If you’re worn out after listening to “Devilled” then “Tawel Nawr” (or “Quiet Now”) comes as a delightful surprise. The title honours Simcock’s Welsh heritage and the composer describes the piece as “a little bedtime story”. It’s very simple but also very beautiful and closes the album on a delightfully elegiac note. Garland’s tenor whispers and caresses, Simcock’s touch is gentle and lyrical and Sirkis’ percussion sparse but sympathetic.

“Lighthouse” represents a triumph for the trio.

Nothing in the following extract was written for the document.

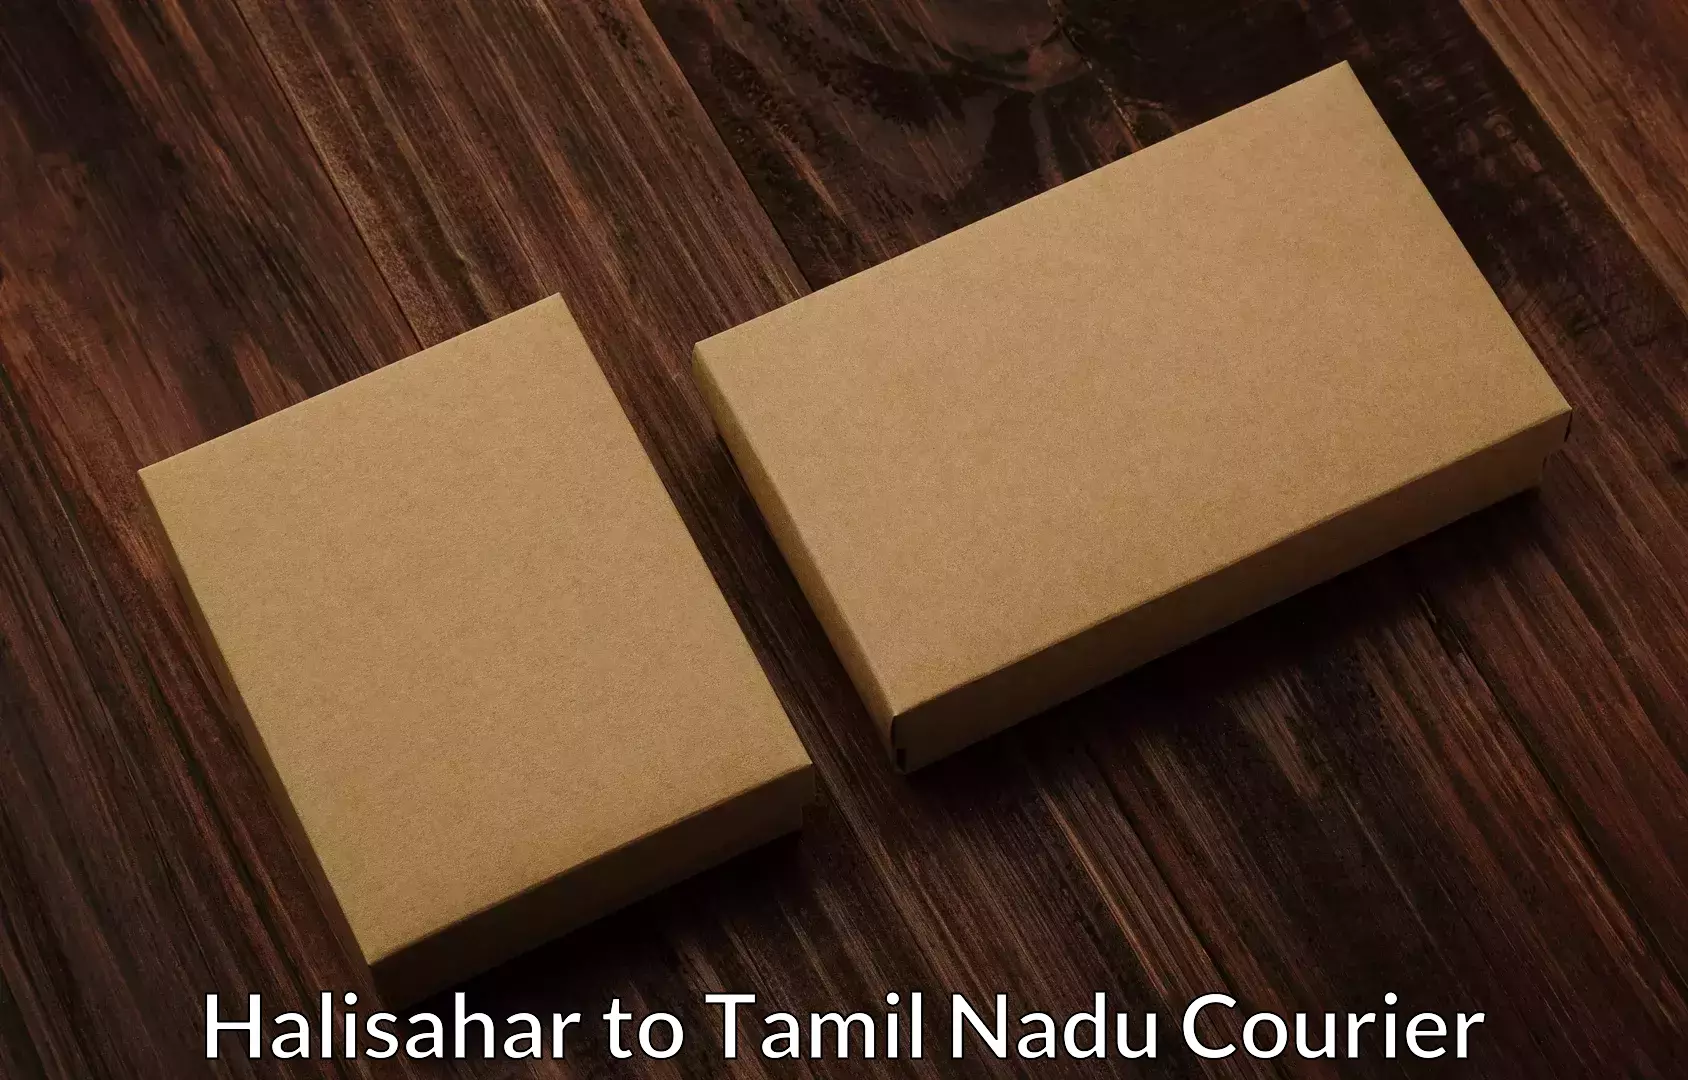 Trusted relocation experts Halisahar to Tamil Nadu

It’s a well structured album full of intelligent, colourful writing with each tune telling a story and the standard of musicianship is excellent throughout.. The group’s pan-cultural approach with its ethnic and Celtic references has similarities to that of the American group Oregon yet the two bands sound completely different. As Lighthouse have pointed out the album is an attempt to capture the group’s live sound on record, Simcock’s melodica on the opening track is the only evidence of overdubbing. There is thus a focussed energy about these performances that transcends the trio’s “chamber jazz” origins and makes the prospect of forthcoming live appearances very exciting. Without a bass player Simcock shoulders some of the rhythmic functions of the music and has spoken of his delight at being able to use “all of the piano”.

The move to ACT will bring the trio to international attention. Simcock and Garland (who has worked with Chick Corea) already have international profiles but I’m particularly pleased to see Sirkis getting some increased exposure, he makes an enormous contribution to the success of the album with his rhythmic, colourful playing.